Yes, we know: fusion has been the energy source of the future…and it always will be. But high-temperature superconductors (HTS) have changed the game for magnetic confinement, and we believe we’ll witness Q > 1 within a few (say 3) years. That’s huge.
(Side note: Q is the ratio of input power divided by output power. Q> 1 means the reactor is producing more power than it consumes, achieving ‘breakeven.’)
However, getting to breakeven is just the first daunting challenge. Making the first-of-a-kind (FOAK) reactors cost-competitive on the grid? That might be even harder than achieving breakeven.
That’s why we’re taking this soon-to-be breakthrough in fusion and applying it to the first market we believe makes sense: ships.

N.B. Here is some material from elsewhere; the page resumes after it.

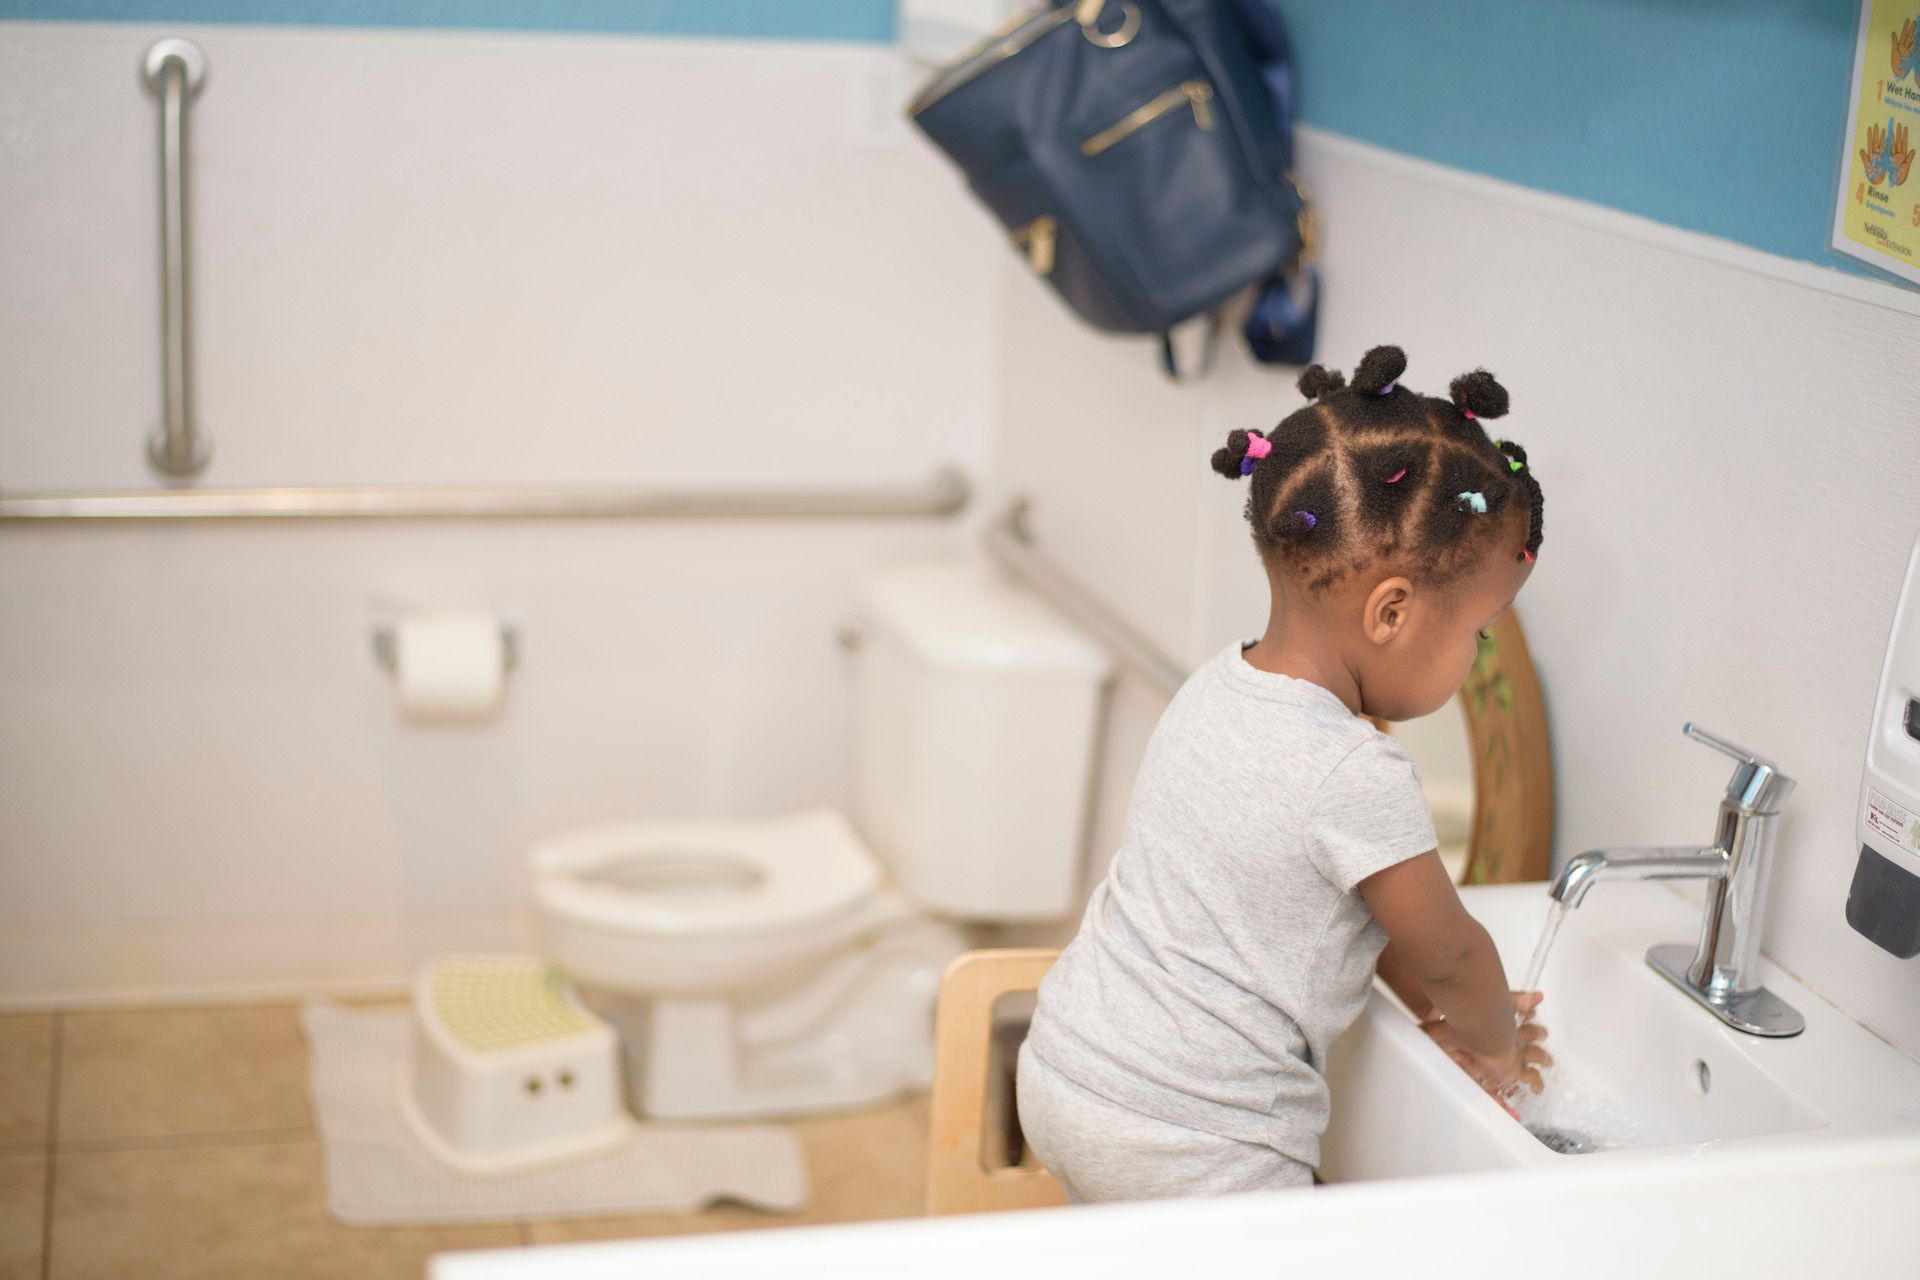 Toilet Learning: The Montessori Way
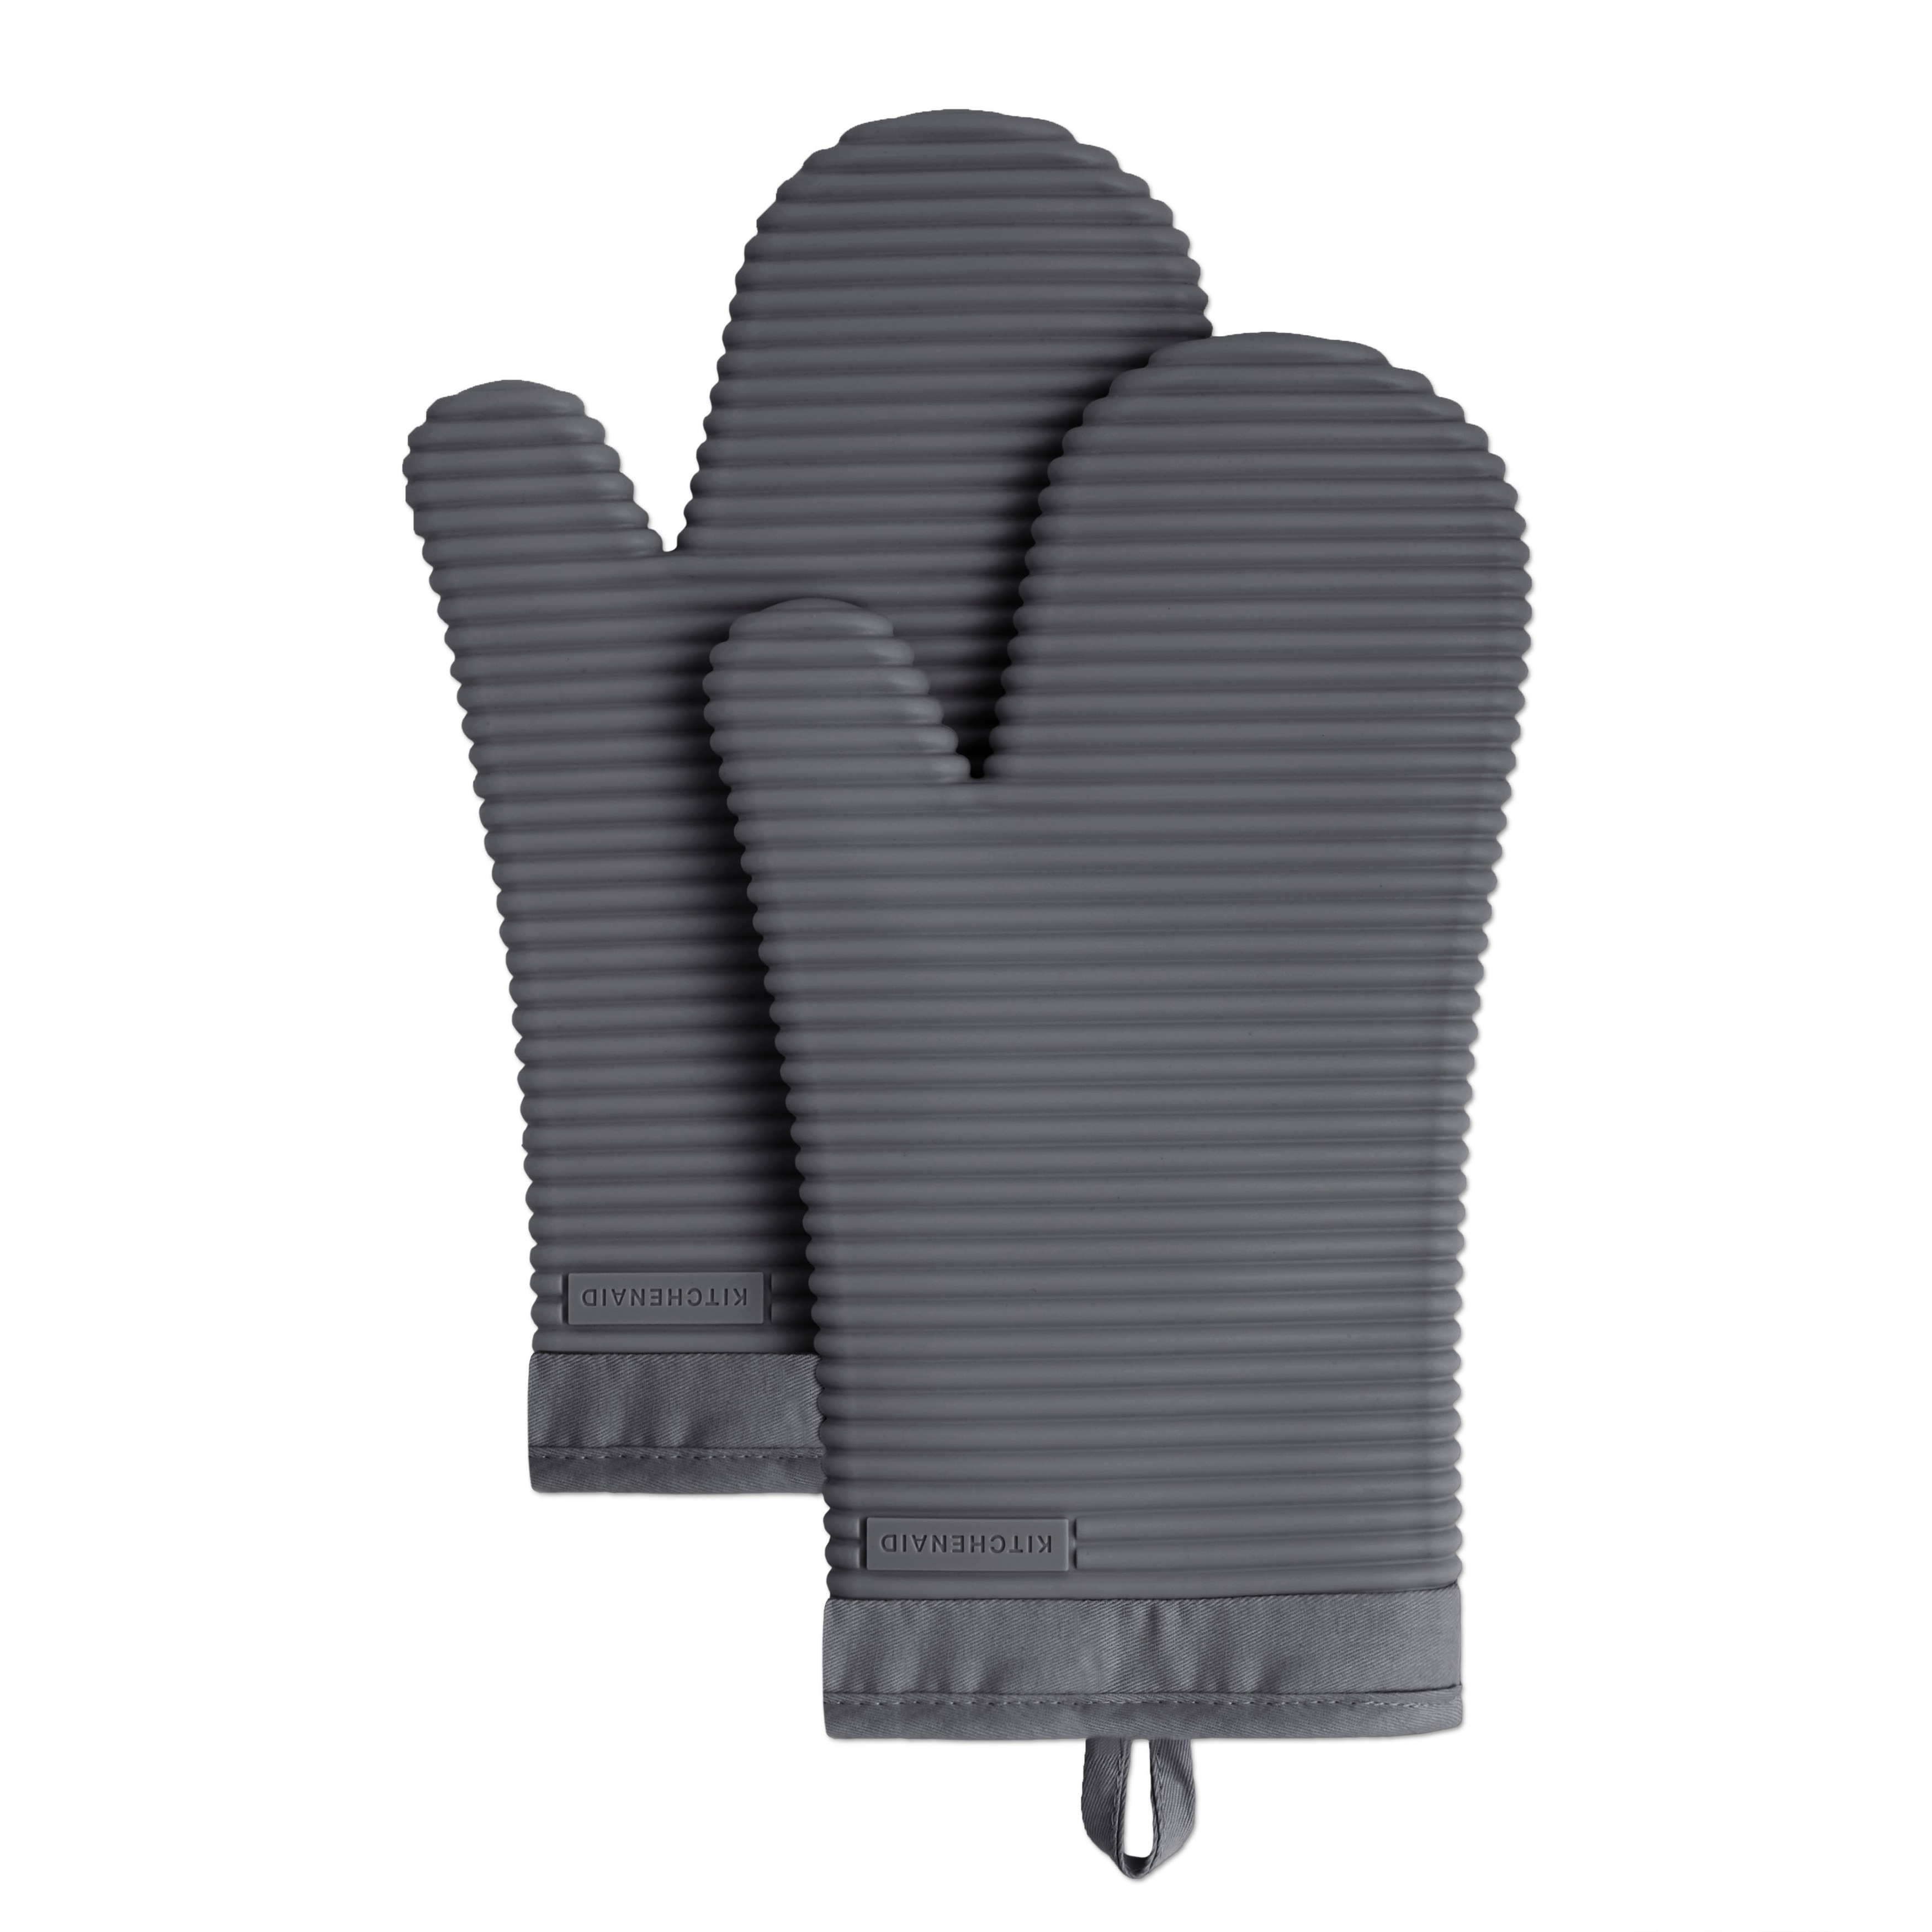 https://ak1.ostkcdn.com/images/products/is/images/direct/e1eb76941cfb7f5e7196348b7c44bb21a5ea1094/KitchenAid-Ribbed-Soft-Silicone-Oven-Mitt-Set%2C-7.5%22x13%22%2C-2-Pack.jpg

Instead of targeting 24/7 baseload grid electricity—where fusion has to compete with solar, wind, batteries, and natural gas—we’re focusing on large commercial shipping (>10,000 TEU) and mobile military vessels to provide ship-to-shore power capability.
Why ships? They don’t have great alternatives—the shipping industry is desperate to decarbonize. Hydrogen and ammonia are being explored, but come with serious downsides: low energy density, flammability, leaks, and massive infrastructure challenges. Fusion will provide a high-energy-density, long-range solution without the same infrastructure challenges—once it works, of course!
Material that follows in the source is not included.